I was ready to start the last third of my life, healthy and happy with my lovely wife at my side. We’re going to travel the world and life was so good. Then reality intruded.
Real high levels of protein in my blood. Now, I don’t know what that meant, but the expression on my urologist’s face meant it wasn’t good. He referred me to a hematologist.
I promised Susan that no matter what happened, medically speaking, I would live to be 95 so that we could dance at our 50th wedding anniversary.
Second cancer diagnosis: multiple myeloma
The hematologist was right across the hall, which is nice. Not only was she right across the hall but she was, in my opinion, the best of the best. She was really phenomenal.
We went in on March 27th for our initial discussion. Susan and I were fortunate to be accompanied by a very dear friend of ours — 40 years in nursing [and] 20 years as the assistant director of oncology at our local hospital. She was a rock and able to translate all of Dr. Nadella’s medical terminology into layman’s terms for us.
Dr. Nadella said, “You have multiple myeloma, which is a rare blood cancer.” I didn’t know until we walked into her office. You just deal with it.
Going into a fog of denial
I did [go into a fog of denial], especially when she said, “At this time, there is no cure.”
She’s a straight shooter and I really admire that about her because there’s no beating around the bush with her and I appreciate that. I’d rather have it that way. I’d rather have honesty.
She went on to say, “With proper treatment, you can still live a long, healthy, and productive life.” I promised Susan that no matter what happened, medically speaking, I would live to be 95 so that we could dance at our 50th wedding anniversary.
Importance of having a support system
We’re a team and we do this all together. It made all the difference in the world. I get my strength from her. Hopefully, she gets a little from me.
We were both in shock. We went home and mapped out our strategy to deal with it, which is day by day.
We follow the facts and we follow the doctor’s instructions. Once you’ve found what you consider the best, listen to her. She steered me on this path and I feel great.
If you go on the Internet and you say, “How long can you live with multiple myeloma,” it’s like five years. I talked to a woman recently. She’s been living with myeloma for 31 years.
If I get 31 years, I will have accomplished my goal, which is to be one of the few three-time cancer survivors to live to be 100.
Treatment for myeloma
It was every three weeks or so for the RVd infusions, but those are mostly things that can be taken at home. I was very fortunate that my system accepted those three drugs readily and I really didn’t have any problems.
I had one fall. I put my elbow through the wall. But beyond that, nothing.

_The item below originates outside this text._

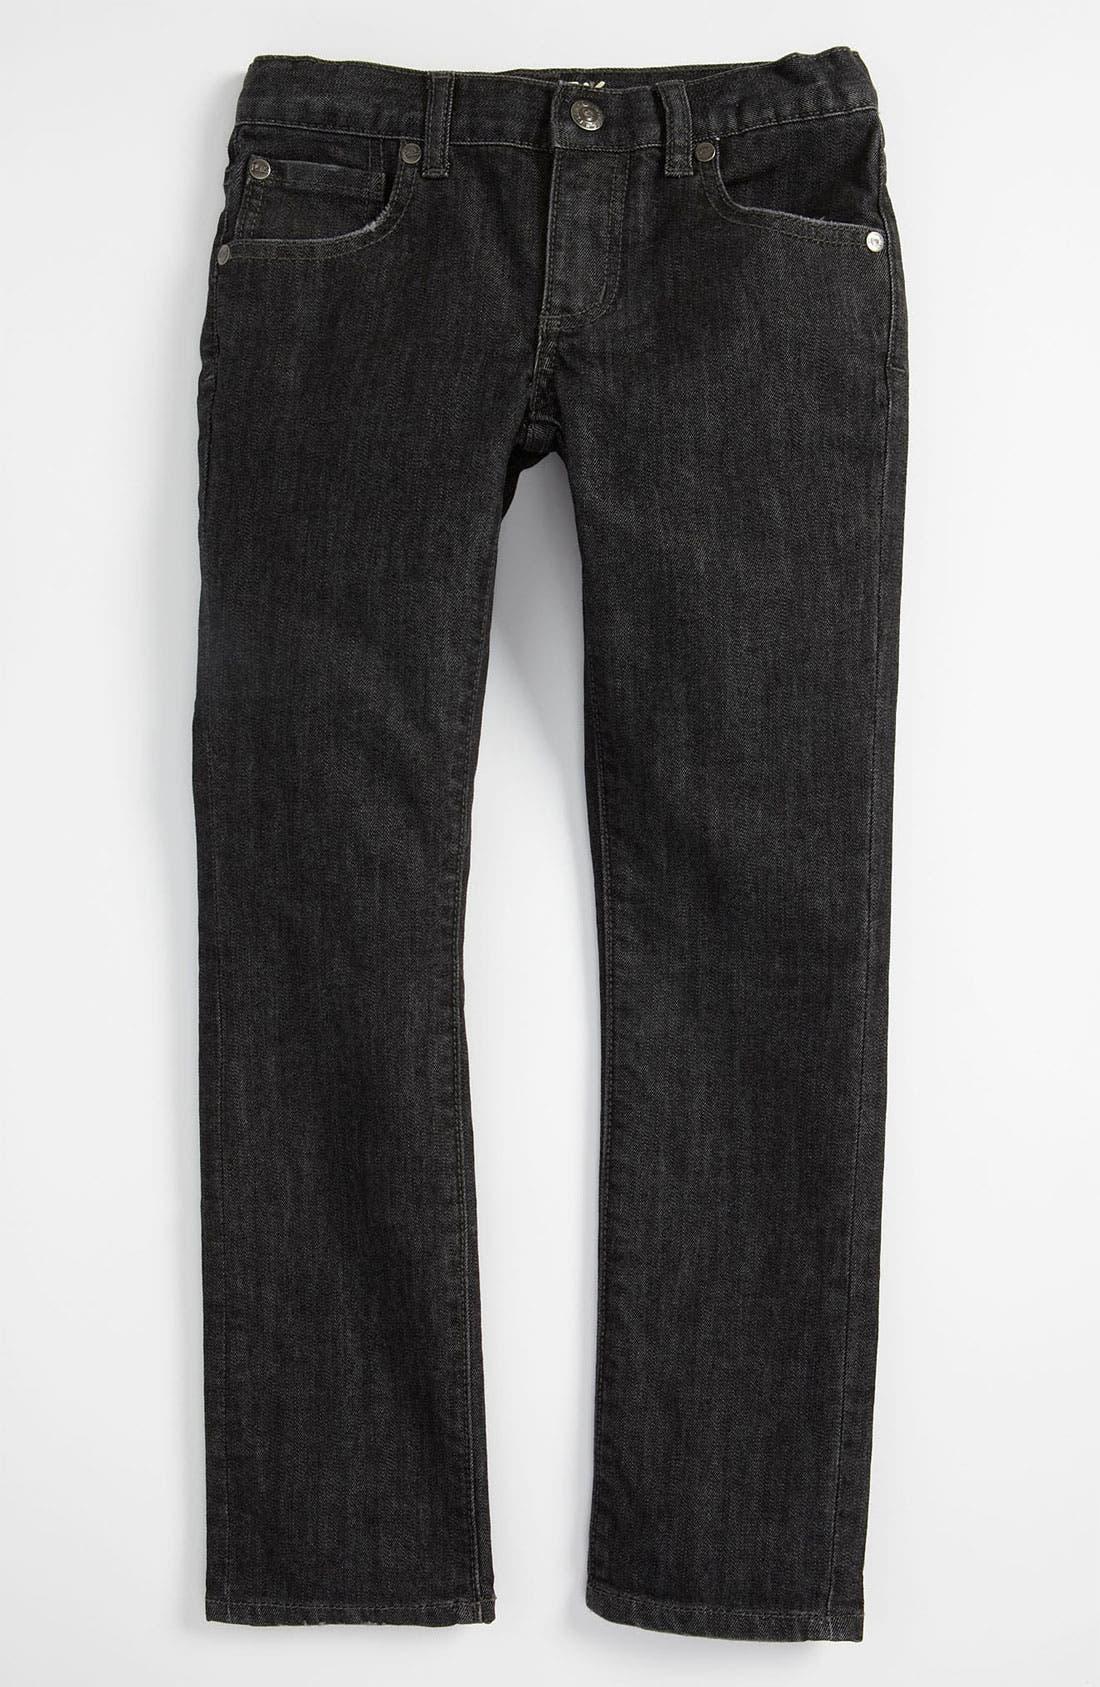 Alternate Image 2  - Peek 'Slouch' Jeans (Toddler, Little Boys & Big Boys)

After about three months, she said, “We’re going to send you down to Atlanta, to the BMT group,” which was part of Northside Hospital blood marrow transplant group, “to make sure that you are a viable candidate for stem cell transplant.” Fortunately, I was.
This is in June. Since then, I went home, [received] more treatments, packed up [our] bags mid-August to come back for nine weeks of more treatments, more IV infusions daily, and then the stem cell transplant.
The doctors, the nurses, and the staff that I have had the pleasure of working with have been phenomenal.
Preparing for stem cell transplant
He didn’t say a lot. Dr. Sohl, [whom] I was seeing, was the resident expert. He’s another great, great doctor. He did a phenomenal job.
Very, very, very easy process [of] collecting the blood and then putting it back in me. Very smooth transition.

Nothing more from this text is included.